A Markov Chain is a mathematical model to represent a randomly changing system and its state transitions according to a set of probabilistic rules where the future states only depend on the current state and not on the sequence of past states (Markov property) [30]. This makes Markov Chains particularly suitable for modeling sequential and time-dependent signals, such as audio. In the context of bee bioacoustic signals, this property can support gradual refinement of synthetic audio features while preserving temporal continuity and avoiding abrupt transitions that may introduce acoustic artifacts. In recent studies, integration of Markov Chain process with GANs has shown great advancements in various domains, particularly in handling sequential and time-dependent data. MCGAN represents a combination of the strengths of the Markov Chain process with the adversarial learning capability of GANs. One of the most prominent applications of MCGAN is to solve Bayesian inverse problems in physics and engineering [29], and it has shown a great performance compared to traditional methods. There, MCGAN generates high-quality outputs from complex, high-dimensional input data with higher accuracy and faster computational efficiency [29]. Incorporation of the MC process has helped to improve convergence and produce stable results.

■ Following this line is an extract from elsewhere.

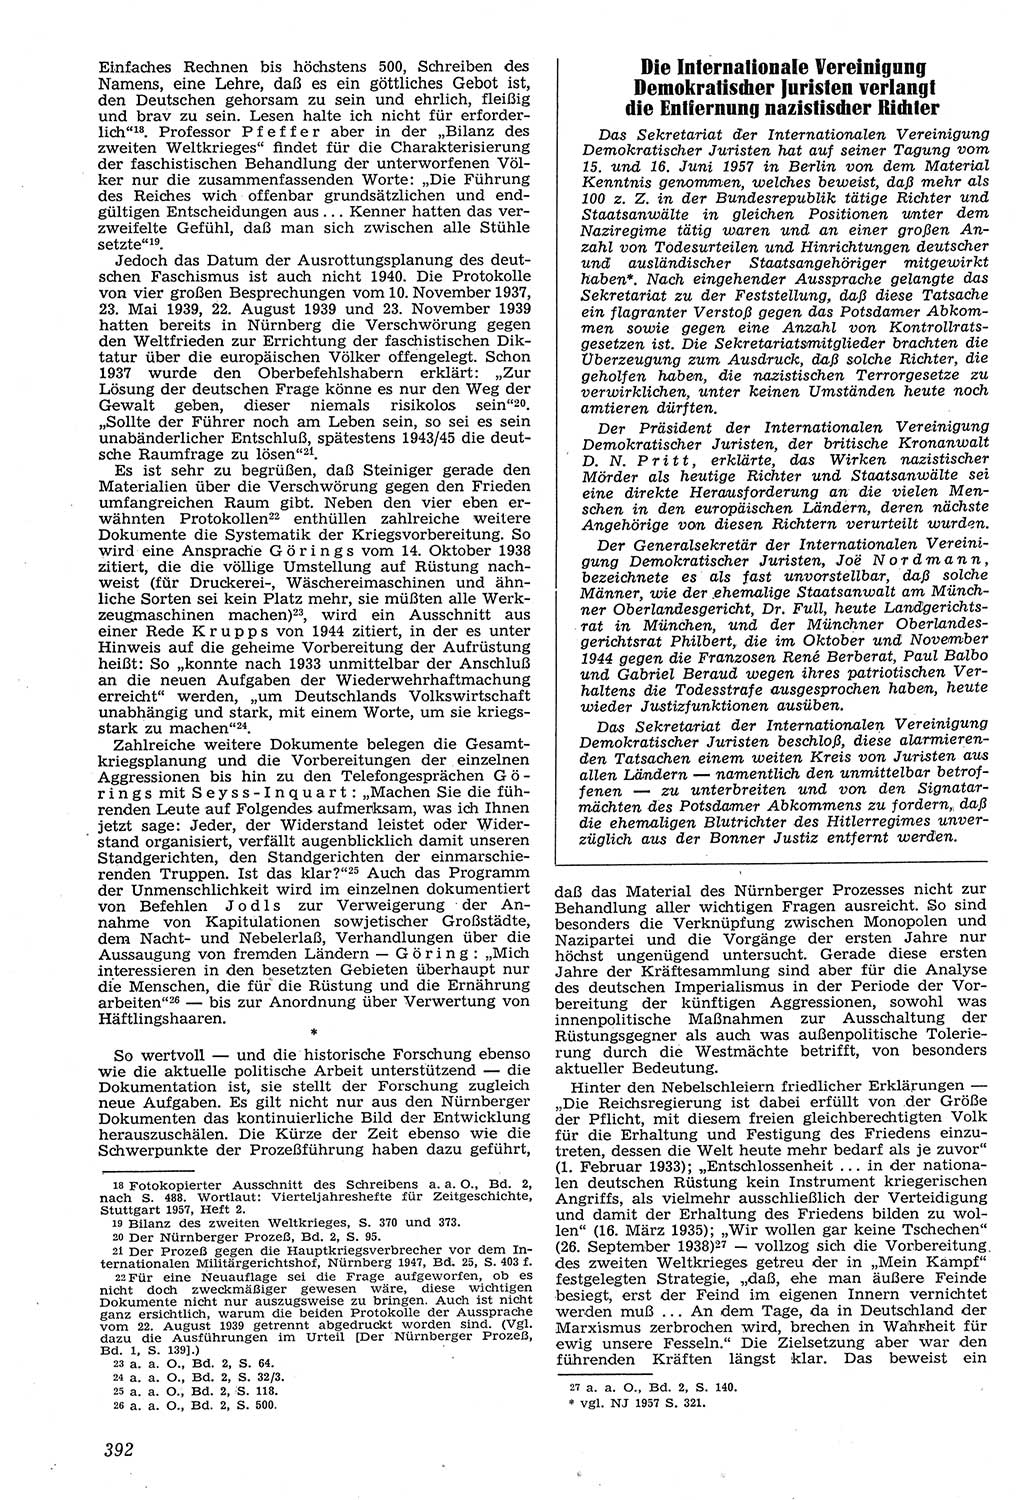 Neue Justiz (NJ), Zeitschrift für Recht und Rechtswissenschaft [Deutsche Demokratische Republik (DDR)], 11. Jahrgang 1957, Seite 392 (NJ DDR 1957, S. 392)

Since WaveGAN generation does not guarantee to preserve temporal dynamics and other finer details of the original data, the MC module is used to address that limitation in this proposed method. The key idea behind MC is to design a process that moves step by step between samples, where each sample depends on the previous one. This sequential progression allows the target distribution to be accurately represented [37]. Among the available implementations, the Metropolis–Hastings (MH) algorithm [37] is the most widely adopted, and it is integrated into our MC module. The MH algorithm builds a Markov Chain whose stationary distribution matches a target probability distribution defined by a Gaussian prior learned from real bee bioacoustic features. At every step the algorithm proposes a new candidate state and either accepts or rejects it. This acceptance mechanism allows the refinement process to favor transitions that improve alignment with real acoustic characteristics while still permitting stochastic exploration of the feature space. As a result, the MH-based Markov Chain refinement enhances spectral consistency, temporal smoothness, and overall realism of the WaveGAN-generated bee bioacoustic signals.

Once the WaveGAN converges, candidate features

v

are drawn from the pool of the generated signals, and the MH algorithm decides whether to accept or reject them. During this process, a transition vector

θ_{prop}

is defined as [31]:

θ_{prop} = (1 - β) (v - s_{t}) + β (v - r_{t})

(1)

where,

$θ_{prop}$ : Proposed transition vector generated by the Markov Chain refinement step.
$β$ : Balance parameter controlling the trade-off between similarity to real signals and smooth transition from the current synthetic signal, where $0 \leq β \leq 1$ .
v: Candidate feature vector sampled from the pool of WaveGAN-generated synthetic bee audio signals.
$s_{t}$ : Current synthetic bee bioacoustic signal feature vector at iteration t of the Markov Chain process.
$r_{t}$ : Corresponding real bee bioacoustic signal feature vector at iteration t drawn from the real dataset.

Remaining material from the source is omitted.